■ **Stored data**
....................
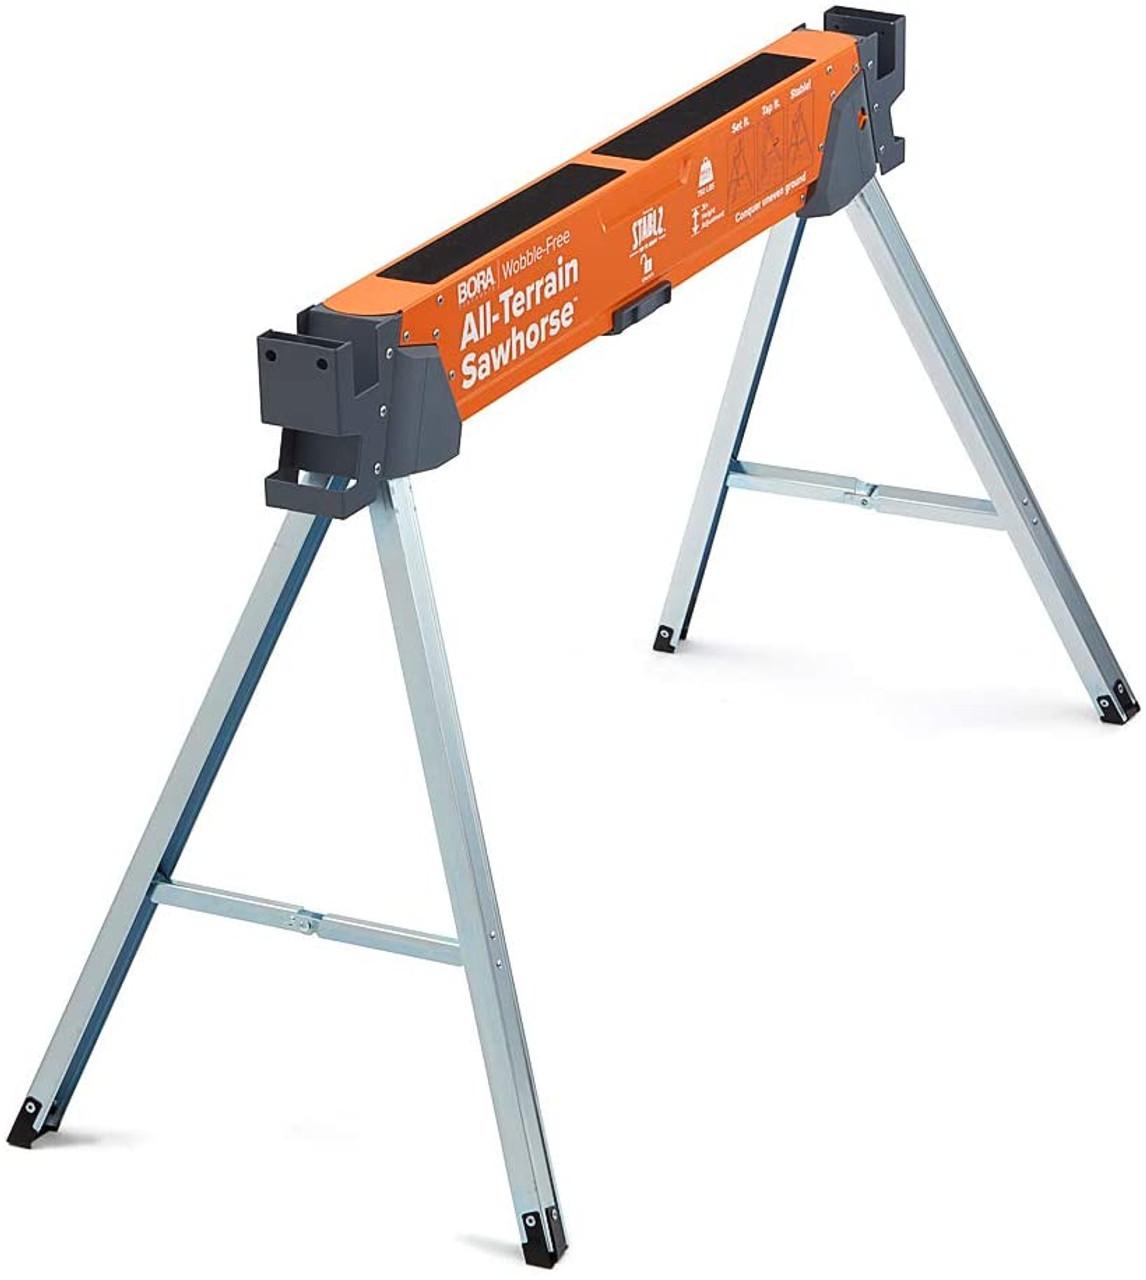 Bora Portamate All-Terrain Sawhorse Table Woodworking Carpenters PM-4520T
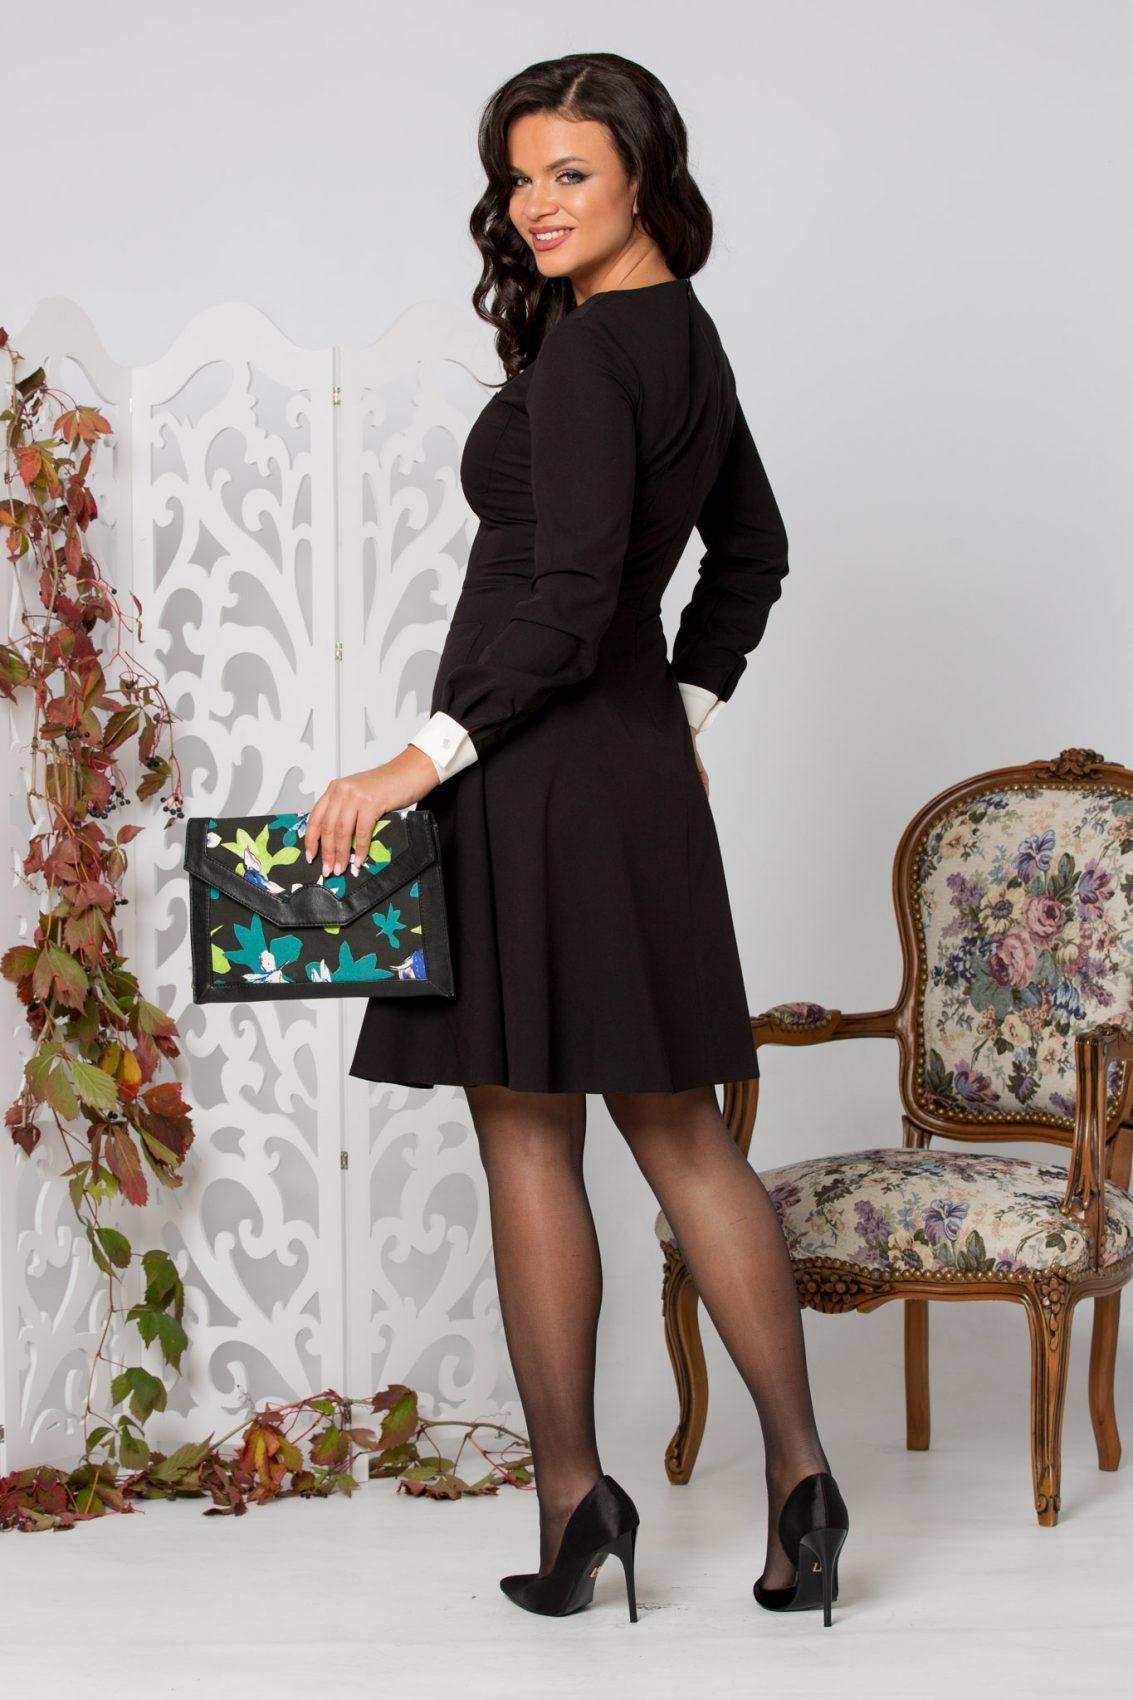 La Donna Galla Μαύρο Φόρεμα 5278
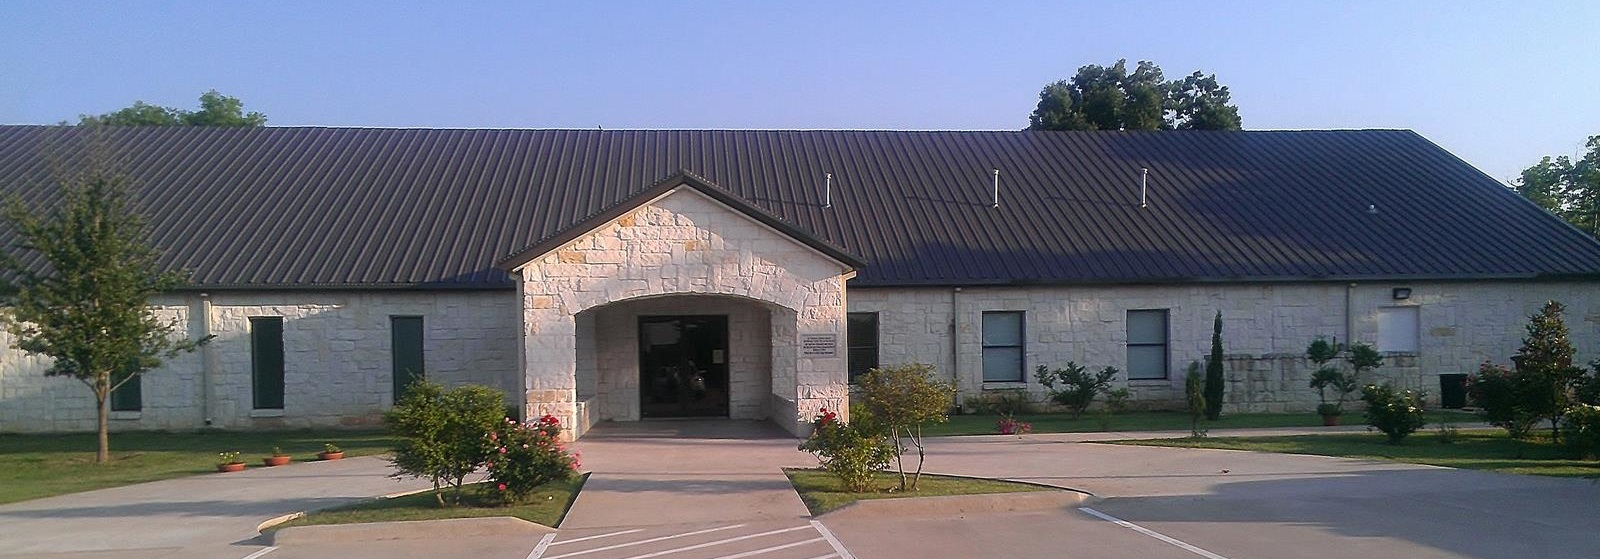 St. Celestine Catholic Church
....................
■ **Exercise details**
Please write out, word for word, each line from the one with "La Donna Galla Μαύρο Φόρεμα 5278" to the last line of the data, keeping both ends and omitting pictures.

■ **Result for this exercise**
 La Donna Galla Μαύρο Φόρεμα 5278
 St. Celestine Catholic Church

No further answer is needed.